By Matt Reese
There were eye-popping soybean yields around the state in 2018 and, unfortunately, some of those soybeans are still out there. The Ohio soybean yield is forecast at 59 bushels per acre, which would be the highest on record if realized, according to the USDA National Agricultural Statistics Service Ohio Field Office. But, harvest continues to drag on for Ohio’s soybeans with 90% of the state’s crop harvested as of Nov. 25. The five-year average for the same date is 99%.
“We’re just down to about 300 acres of double-crop beans,” said Scott Metzger, a Pickaway County farmer on Nov. 20. “In our area there are some beans and not much corn out there. Everybody was hammering on corn because they were concerned about it going down.”
The early focus on corn followed by very uncooperative harvest weather has unfortunately left some soybean fields un-harvested into December. Quality issues also presented a challenge for soybeans, offsetting some of the strong yields.
“We did have some quality issues. We had some in the 20% to 25% damage range in the soybeans,” Metzger said. “We had a late flush of frogeye come in and then stink bugs came in and hammered on one variety we had. We’ve had a record rainfall for the year so far, so hopefully we can run on some frozen ground.”
All things considered, 2018 was just an unusual year for Ohio soybean production.
“I say every year is weird,” said Laura Lindsey, Ohio State University Extension soybean specialist. ‘This year seemed like a very backwards year for us.”
The unusual growing season showed up in the Ohio Soybean Performance Trials.
“I was comparing 2017 data to 2018 data for our Performance Trials and that is in six counties across the state. A big surprise for me this year was northwest Ohio. Last year in Henry County I didn’t publish the data because it was very wet and then dry. Yields were all over the board and very inconsistent in the field. This year in Henry County we had some of the highest yields I have ever seen,” she said. “The average yield in Henry County for the early trial was over 64 bushels and 66 for the late trial. That is about the highest I have ever seen it.”
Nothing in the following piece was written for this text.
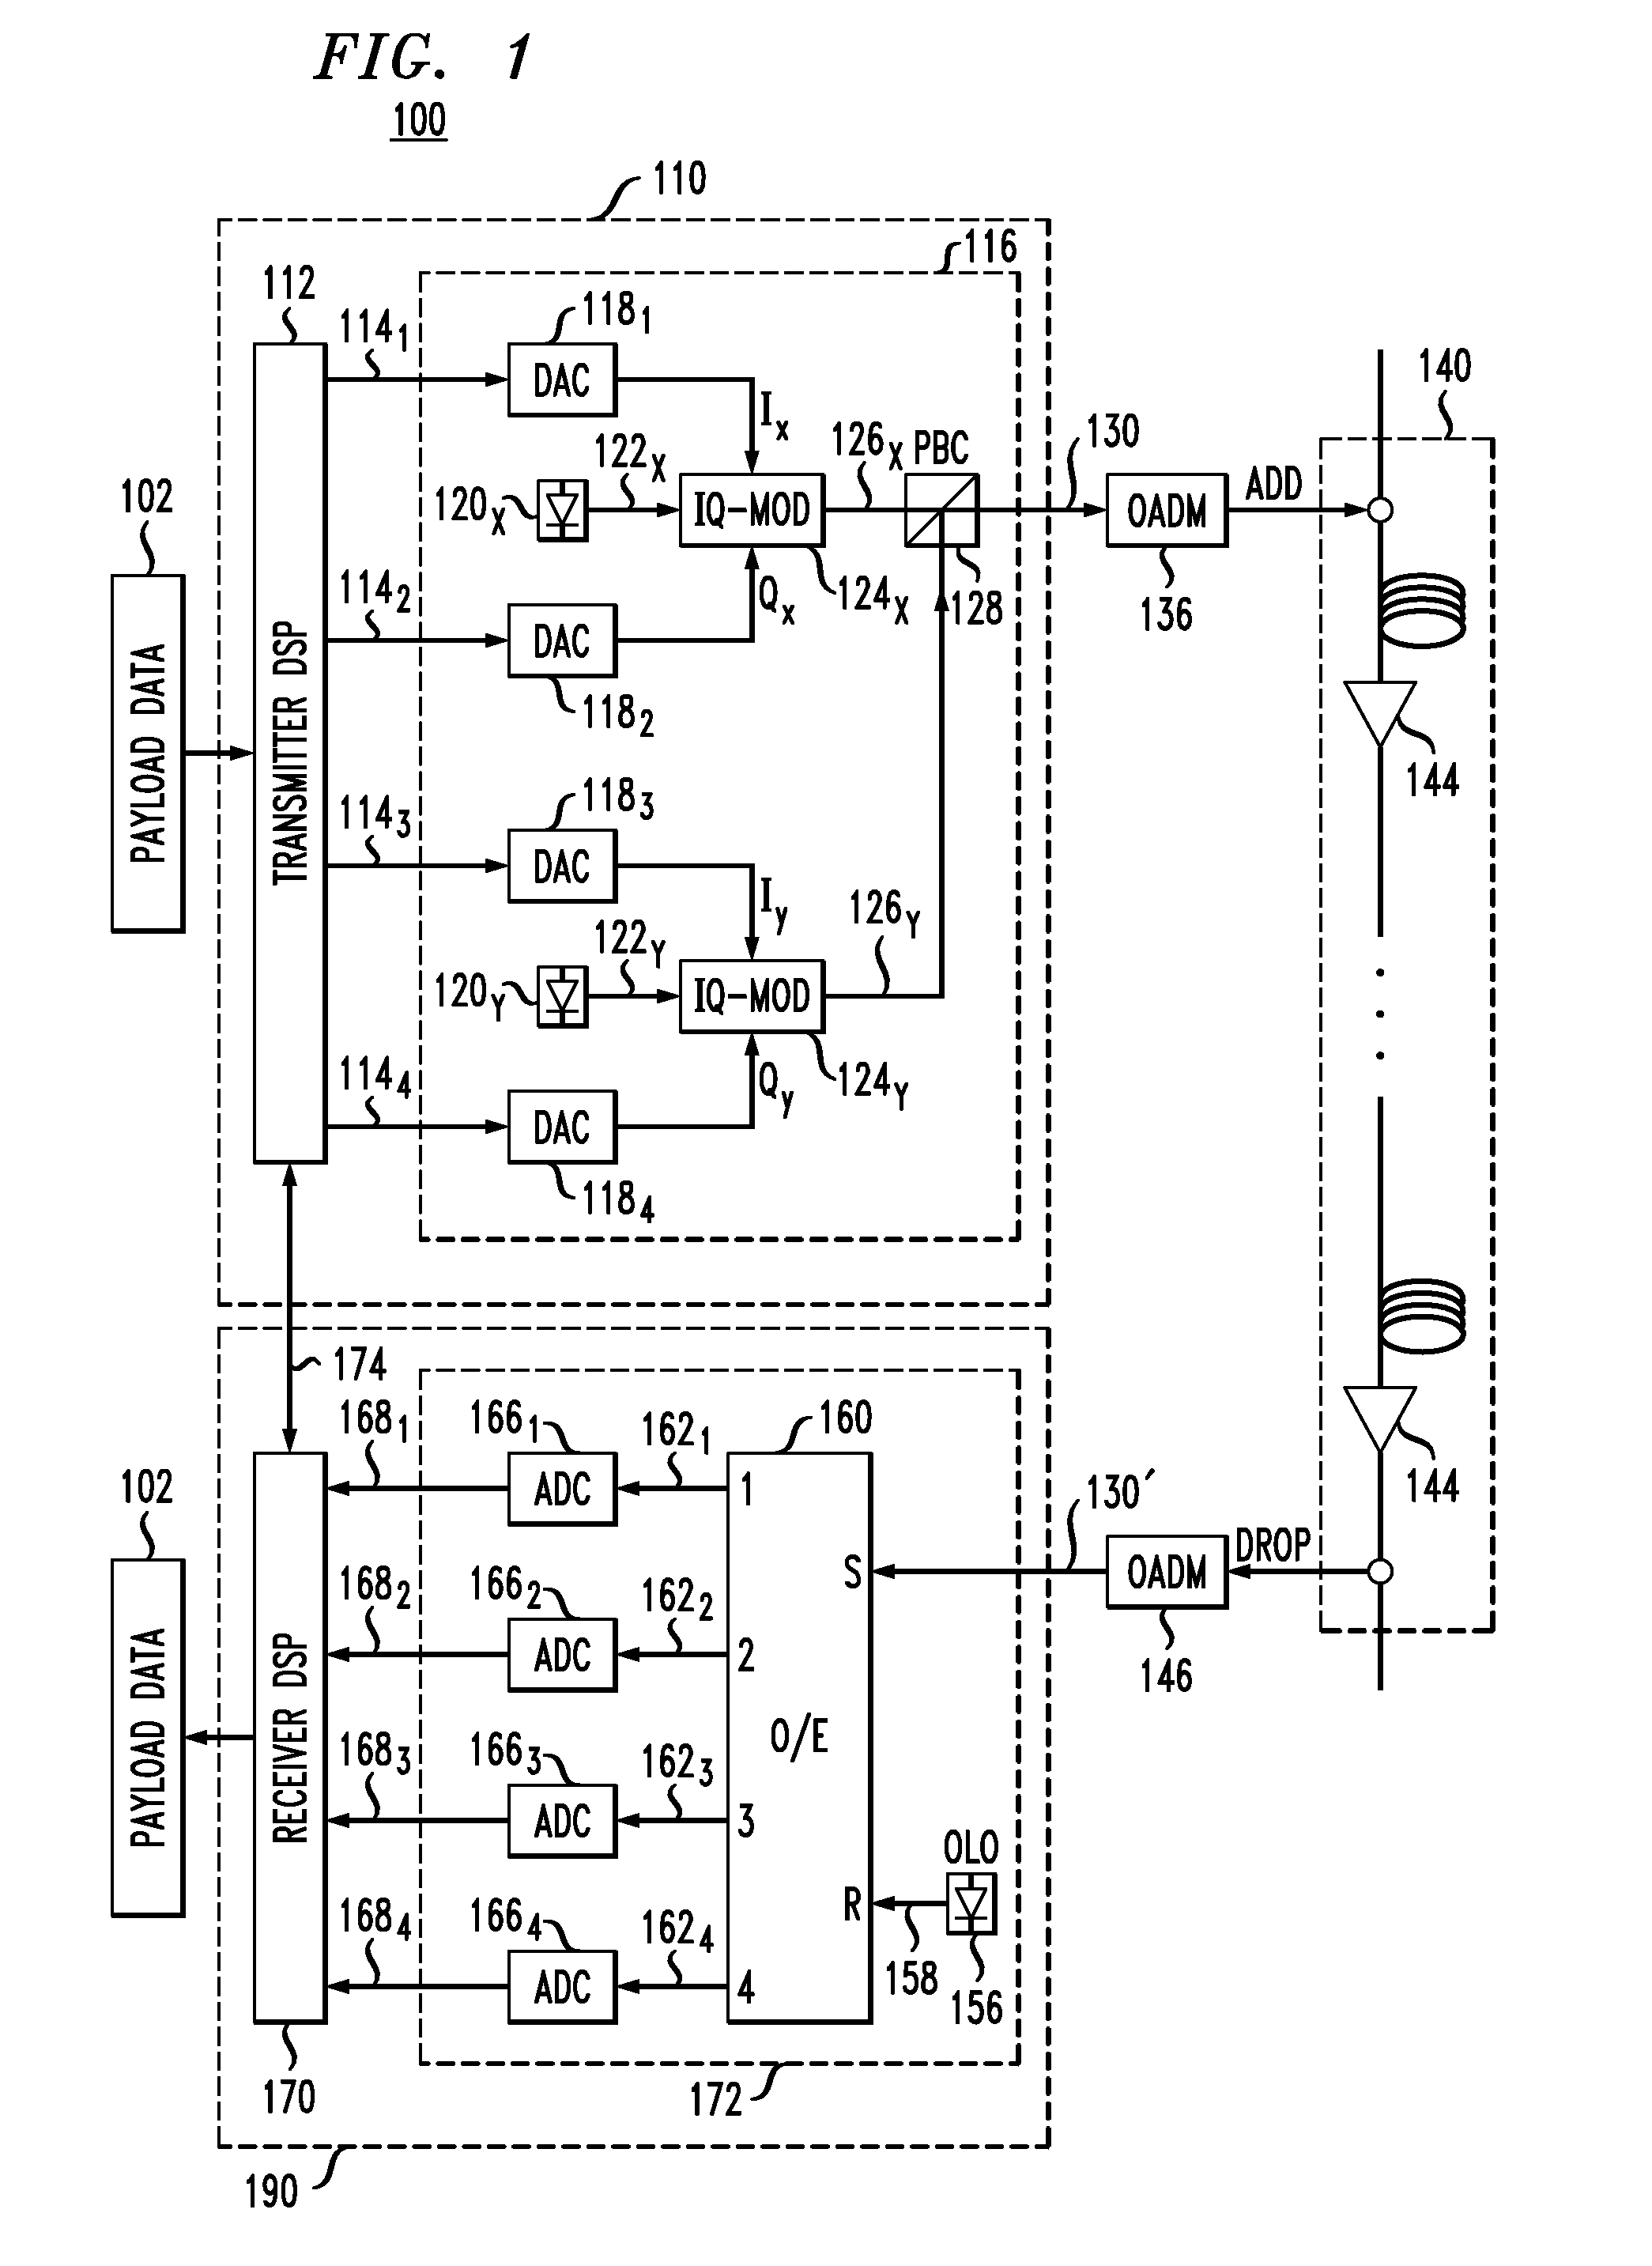 Adaptive constellations and decision regions for an optical transport system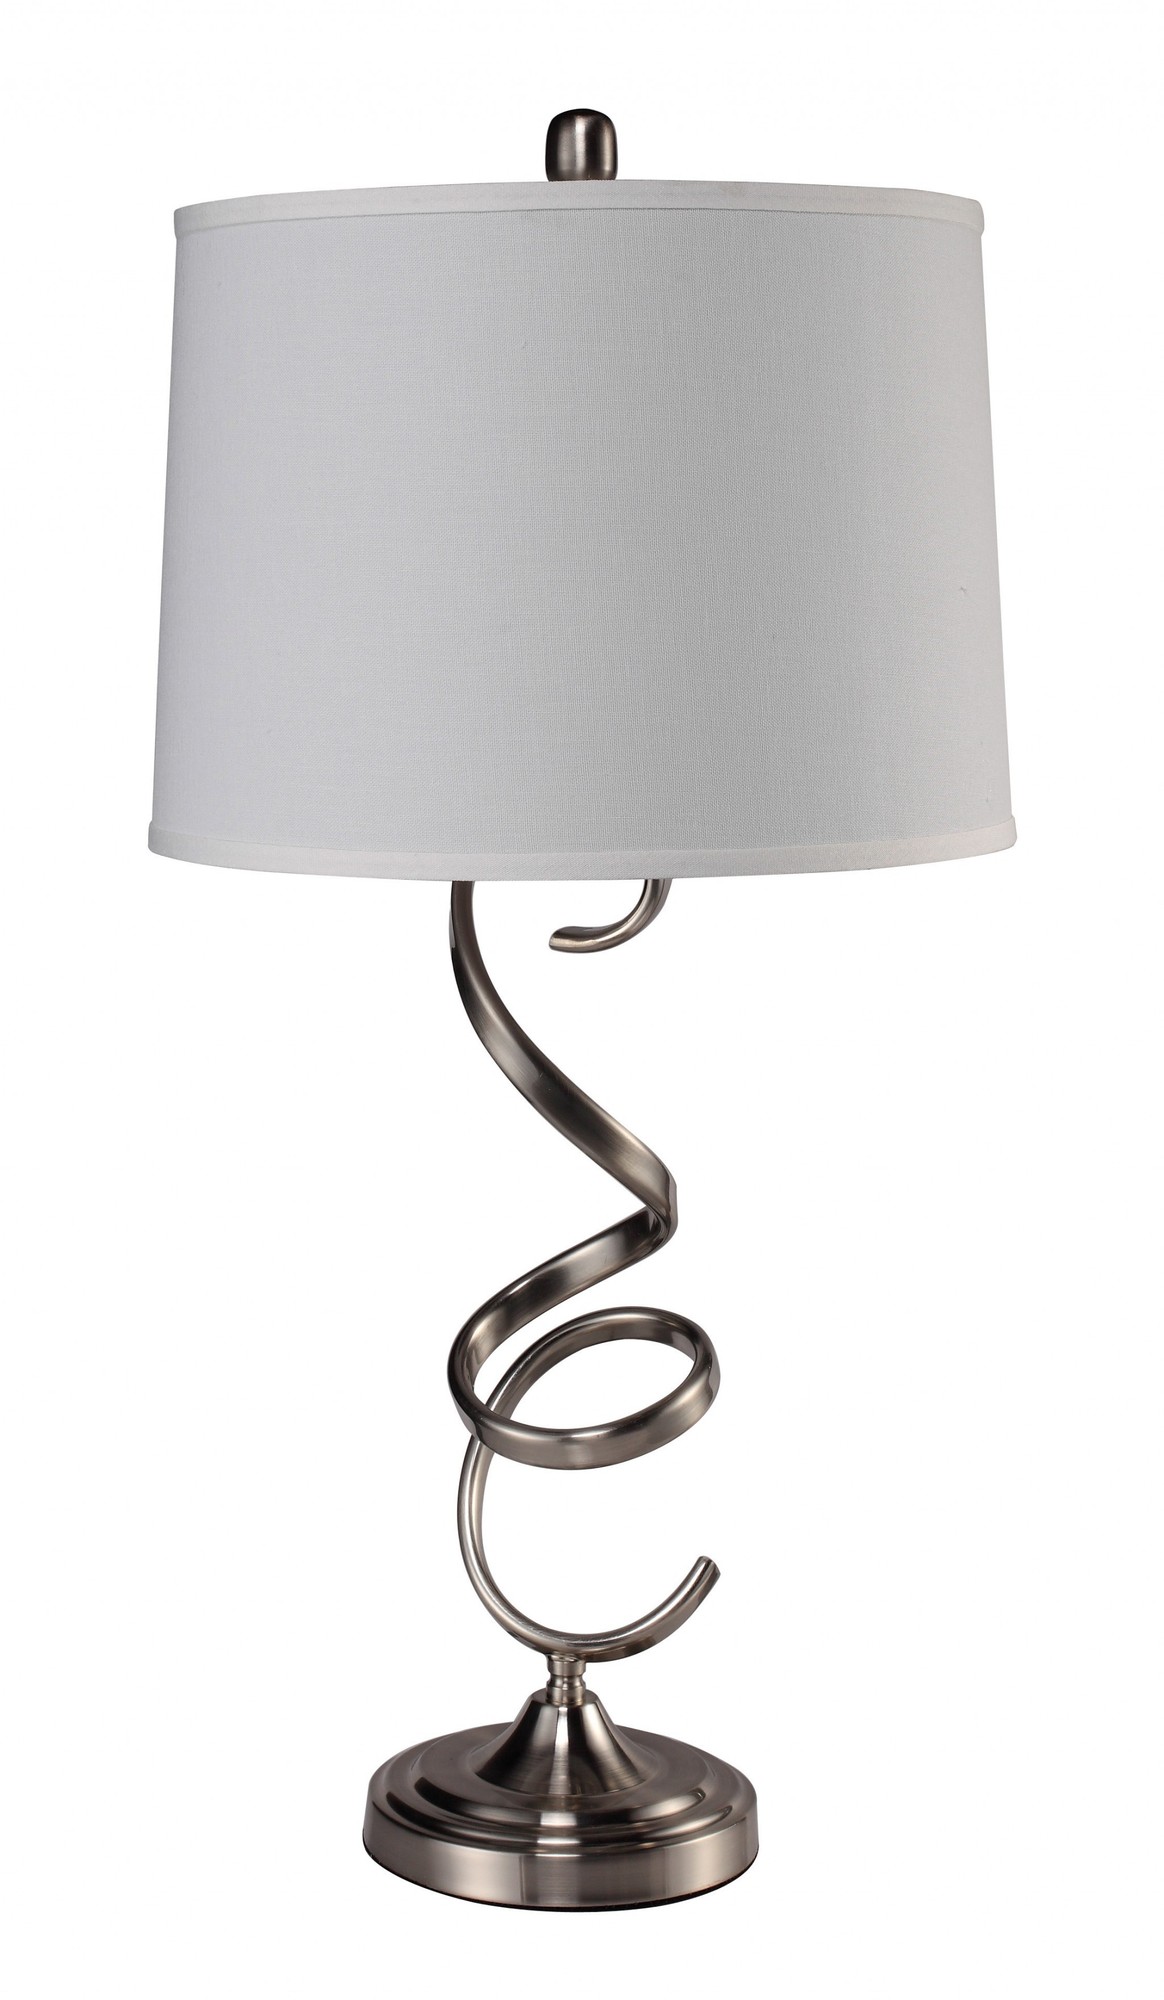 Contemporary Silver Table Lamp with White Shade

Like most of the state, planting was nearly perfect in most locations.
“We were able to plant everything in May, which is ideal, except for in Sandusky County. North central Ohio was really wet and that spot was hard to plant and we didn’t get it planted until June. Otherwise we had really solid planting dates, which I think helped a lot,” Lindsey said. “The other thing we saw that was interesting was in our central and southern locations, we tended to see better yields in our early trial versus our late trial. I heard at Farm Science Review as well that their early maturing soybeans did better than they usually do. I am wondering if that warm weather we had in September and October hurt those later soybeans in our central and southern locations.”
The warm, wet weather through the season set the stage for seed quality issues around the state at harvest.
“Seed quality was poor all over the state. I have a seed sample from Clinton County that is horrible. I had calls from Cincinnati all the way to Sandusky County and west into Clark County and Preble County. There were many factors going on, even many in the same field. The sample on my desk probably has stink bug damage. There are shriveled soybeans. There are soybeans that are still green — we thought that was premature death where the pods look dead and the seeds had prematurely died because of the hot temperatures,” Lindsey said. “We had soybean pods splitting open and sprouting out of the pods and we had frogeye leaf spot and that could all happen in the same field. Some of the pods were splitting when they were still green. That is more of a tropical problem in areas where it is really hot and humid this year. It was a very sudden spring and fall. It was another unique year and I’m sure next year will be something different — 2018 was a weird year.”